Немца привел сам куренной атаман Любомир Щетина.
— Здорово бул, атаман, — кивнул Татаринову Любомир.
— Здорово, Щетина.
— Вот цей немец, — с такой силой хлопнул Любомир рукой по плечу полнотелого, рыхлого, веснушчатого детину лет тридцати, что тот чуть не свалился с ног.
— Отоман! — скорчился от боли немец. — Зачем так больно делать?
— Ничего, Иоганн, до свадьбы все заживе, — засмеялся Любомир.
Татаринов внимательно оглядел немца и усмехнулся. Больно уж причудливо был тот одет: плисовые, какого-то неопределенного цвета панталоны, зеленая куртка с медными пуговицами. На голове тирольская шляпа с пером. Из-за широкого красного казачьего кушака торчит рукоять пистоля, на боку висит персидская сабля.
— Ну, як вин? — кивая на немца, спросил у Татаринова Любомир. — Добрый хлопец, а?
— Видать, добрый, — добродушно рассмеялся Татаринов. — Лыцарь хоть куда. Где вы подцепили такого красавца, Любомир?
— В Речи Посполитой к нам пристал.

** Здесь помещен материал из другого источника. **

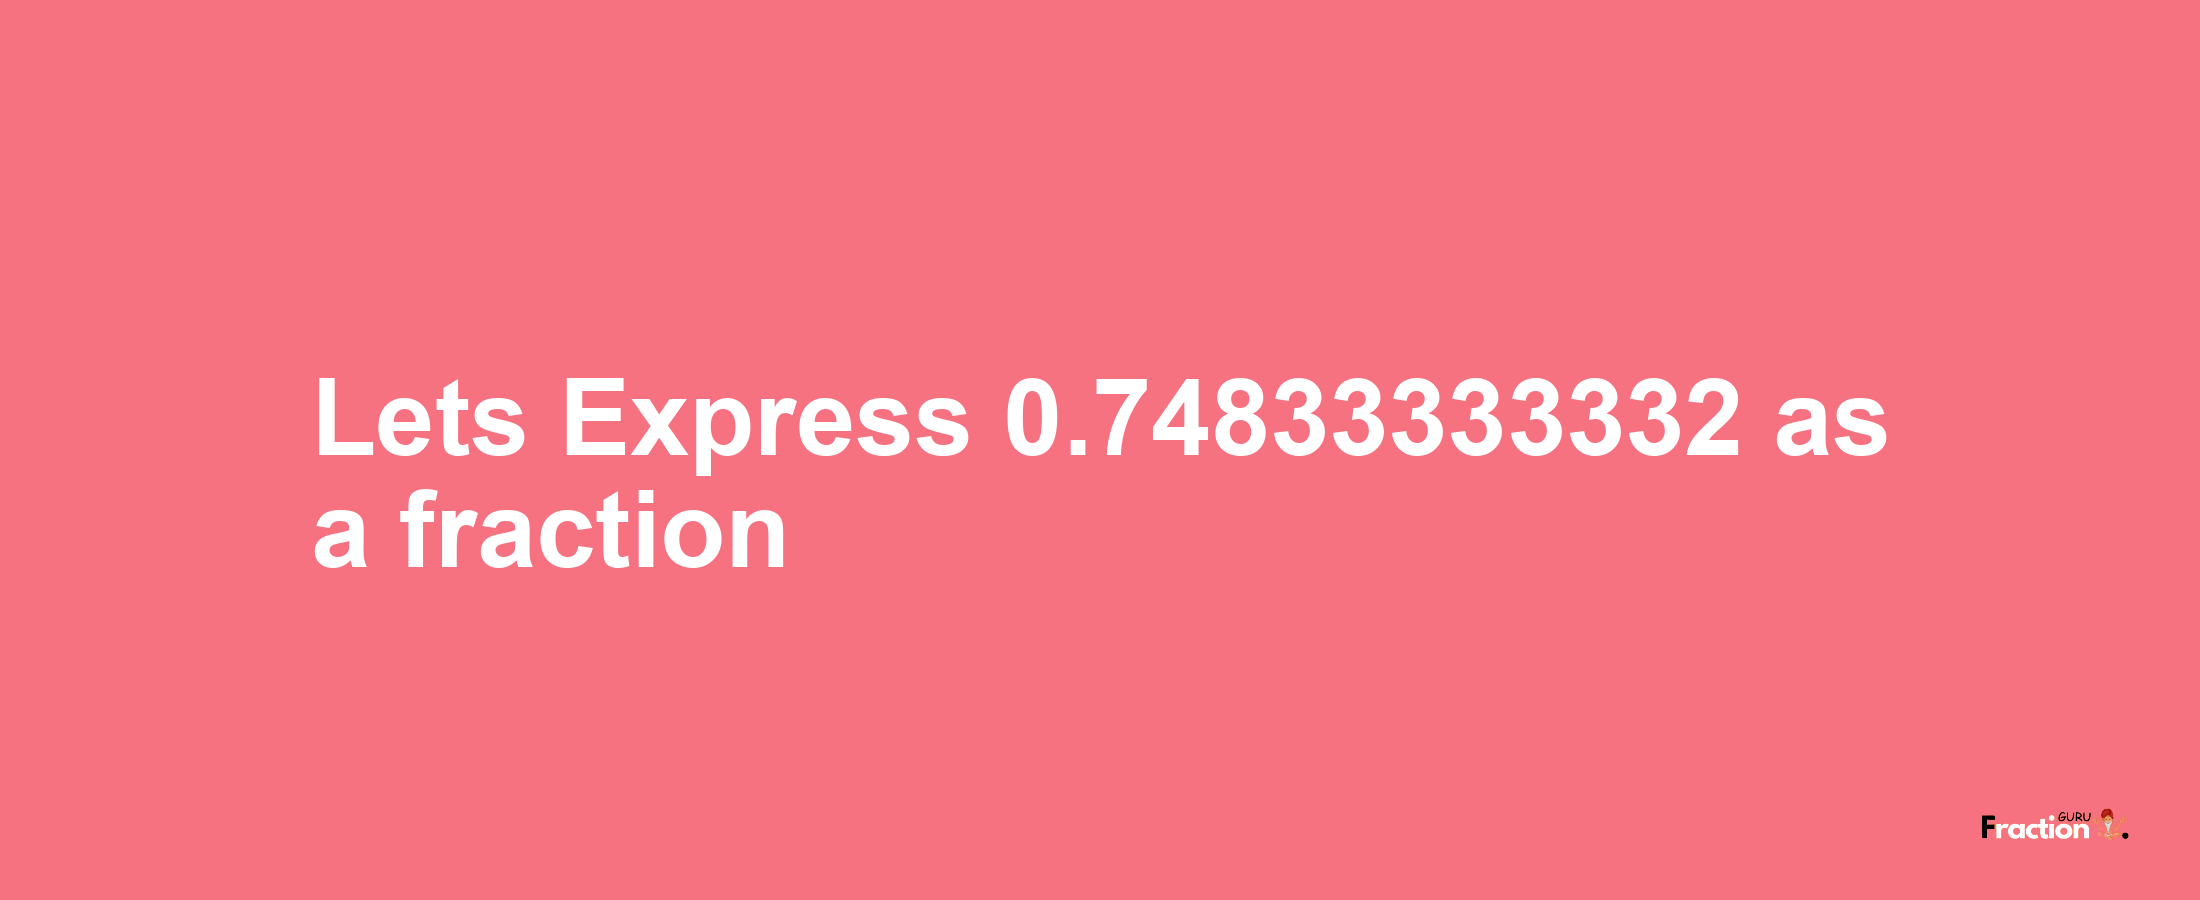 Lets Express 0.74833333332 as afraction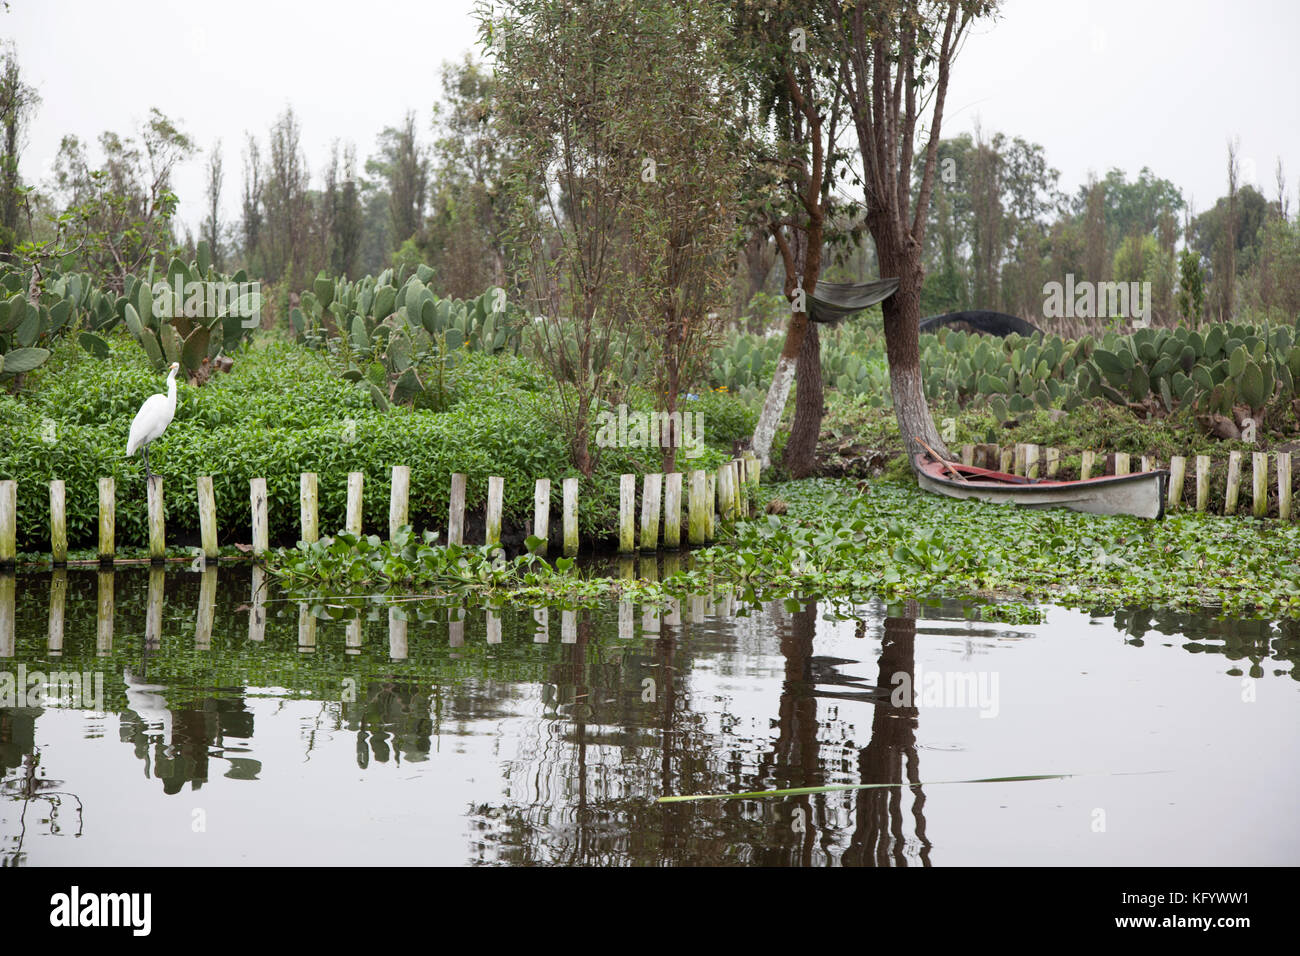 Chinampas, 2200 hectares of farmland on the southern shore of Lake Xochimilco, part of a vast network of lakes and canals that date to the Aztecs. Stock Photo

А шо? Вин казак гарный. Тилько чужих жинок любе дуже… Помирае по них.
— Ну, это не беда, — усмехнулся Татаринов.
Моргая светло-голубыми глазами, немец поглядывал то на Любомира, то на Татаринова, беспричинно, казалось ему, смеявшихся над чем-то. Плохо зная русский язык, он никак не мог уловить смысл их разговора.
Погасив усмешку, Татаринов сурово взглянул на него:
— Слыхал я, Иоганн, будто ты похваляешься, что учен подрывной премудрости, а?
Немец некоторое время молчал, сосредоточенно обдумывая смысл сказанной фразы, и вдруг, поняв, просиял, заулыбался.
— О, да-да! — закивал он. — Я умель подкоп делаль… Отшень карош подкоп.
— Под азовску крепость смогешь подвести подкоп?
— Азов? Азов? Бух!.. Фа-а!.. Да? — пытливо всматривался в Татаринова немец.
— Вот-вот, — утвердительно кивнул атаман. — Это нам и нужно… Ежели, Иоганн, взорвешь крепостную стену, то награда тебе будет за это большая. Понял?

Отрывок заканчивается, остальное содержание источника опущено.